# Win 7 to Win 10 - Backup or save files



## TennHalfBack (Jul 11, 2015)

Guess I have to update our other computer to Win 10 - Linux is intriguing, but not for us right now.

1) To safeguard our files should I do a backup to a flash drive or just save the files to a flash drive? Or both?

2) I assume the Office programs we have on the computer will still work. Correct?

3)MS wants $139 for a license - we have a slow/unreliable Internet connection - would a actual disc be better than a download?

4) What's the downside to downloading without a license key?

5) Are there any "discount discs" that will work OK?

Thanks, Bob


----------



## Nevada (Sep 9, 2004)

TennHalfBack said:


> 4) What's the downside to downloading without a license key?


Mostly cosmetic. You won't be able to customize the appearance.



TennHalfBack said:


> 5) Are there any "discount discs" that will work OK?


You can download the install media directly from Microsoft for free. Go to this link and click the "Download tool now" button.

https://www.microsoft.com/en-us/software-download/windows10

During the install it will ask for a product key. Click the link in the bottom right where it says "I don't have a product key." After doing that the install routine will continue normally.


----------



## Bearfootfarm (Jul 13, 2006)

TennHalfBack said:


> we have a slow/unreliable Internet connection - would a actual disc be better than a download?


I think a disc is always better since you will be able to use it again if you have problems later.


----------



## TennHalfBack (Jul 11, 2015)

Thanks for replies.

Bob


----------



## HermitJohn (May 10, 2002)

You can download an iso file on MS website and burn it to a bootable dvd or use 3rd party program called Rufus to make bootable thumb drive with it. However its easiest if you do this from a linux computer. If you try with windows computer the MS website detects that and wants to first have you install its proprietary software to create a bootable thumbdrive automagically.

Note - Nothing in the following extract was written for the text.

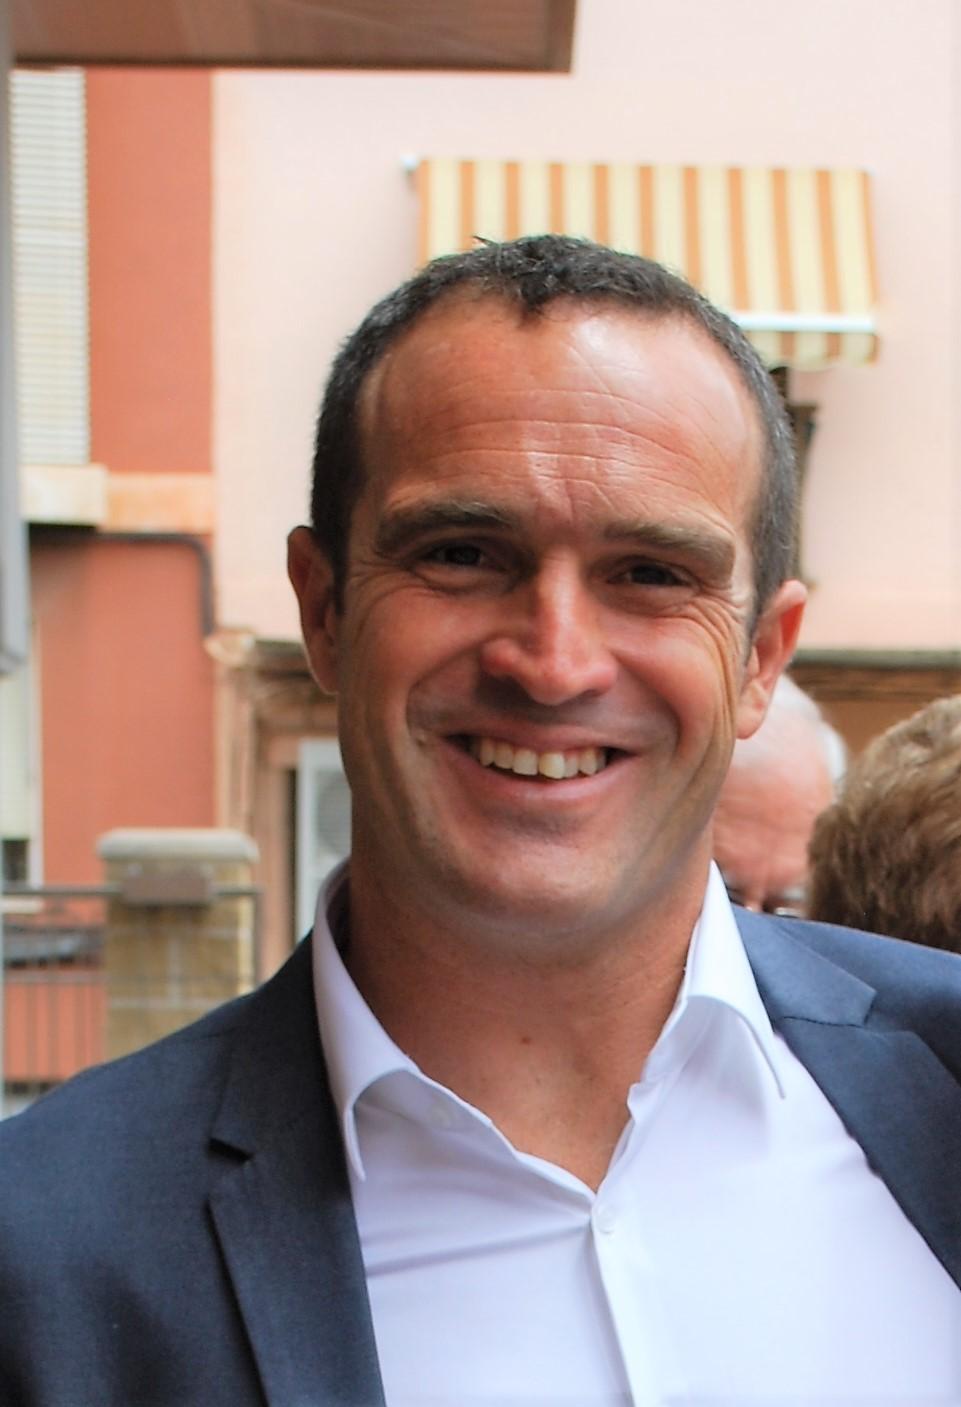 Marcos Roselló, BIM Leader en Ferrocarrils de la Generalitat Valenciana

Wont give you option to burn to dvd.

Or you can just buy a version of win10 on dvd or usb for less than $10 on ebay. It will just be copy of version downloaded from MS website. Make sure its the latest version. Like the download it will not have an activation key. Though you can buy a cheap key if you really want to.

Also there are some sites offering an unofficial win10LITE (n-lited) version with the spyware cruft scraped off and it will install with no limitations other than not having "Cortana and the metro apps". It will give one "unofficial copy" popup first time you boot it after installation, which you will never see again. They come out with new version of win10LITE after every major win10 update since updating is blocked. Watch out where you download it, some downloads will be clean, some not so clean. It is "unofficial" after all.

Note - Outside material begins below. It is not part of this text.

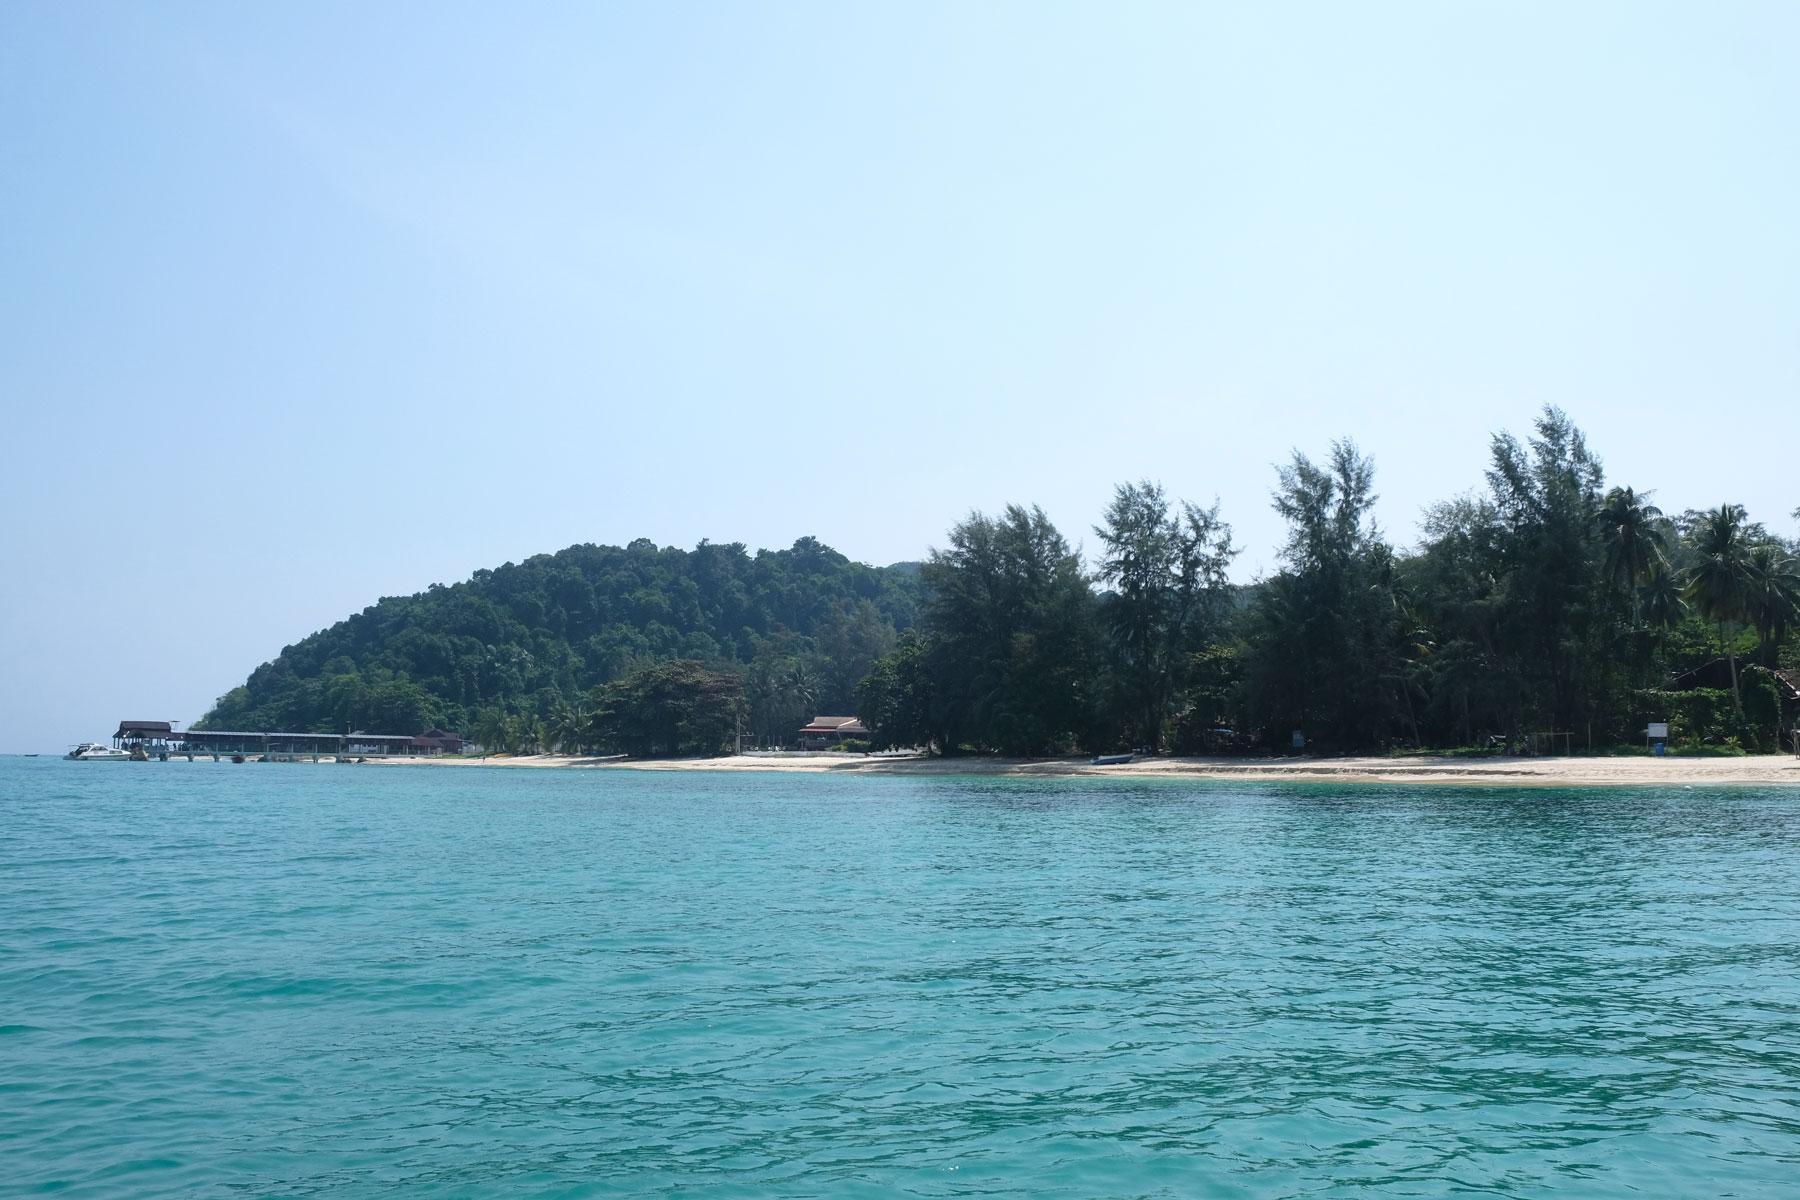 Die Insel Kapas erhebt sich aus dem Meer

Honestly you are missing out not trying linux. You can dual boot with both it and windows. Hint, install windows first.


----------



## TroyT (Jun 24, 2008)

I've upgraded 2 Win7 systems for free by dnloading a free exe from Microsoft which left most of my programs operational and all my data in place.


----------



## NRA_guy (Jun 9, 2015)

TroyT said:


> I've upgraded 2 Win7 systems for free by dnloading a free exe from Microsoft which left most of my programs operational and all my data in place.

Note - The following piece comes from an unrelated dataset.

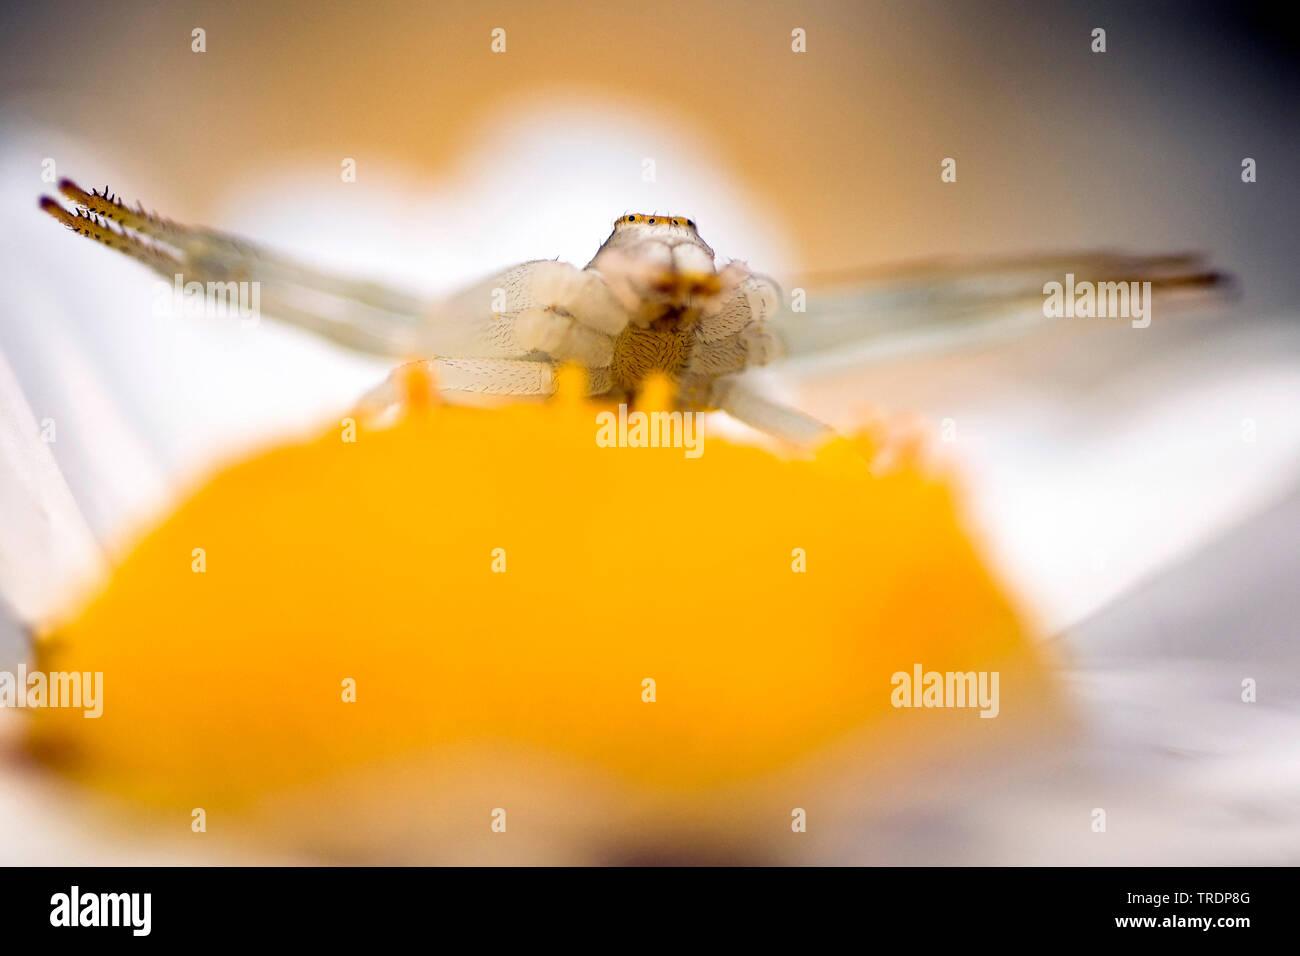 Veraenderliche Krabbenspinne, Veraenderliche Krabben-Spinne (Misumena vatia), lauert auf einer Margerite, Ungarn | goldenrod crab spider (Misumena vat - Stock Image

Interesting . . . but pretty vague on what you downloaded and what it failed to leave operational and in place.


----------



## TroyT (Jun 24, 2008)

NRA_guy said:


> Interesting . . . but pretty vague on what you downloaded and what it failed to leave operational and in place.


You down load the Windows 10 media creation tool from here: https://www.microsoft.com/en-us/software-download/windows10

It gives you the option to create media or do an online/dnload install. Some old apps will not run on Windows 10, those apps like some virus protection software are disabled by the Windows 10 installer. Programs that use unsigned drivers also don't seem to work because Win 10 will not spin up the drivers.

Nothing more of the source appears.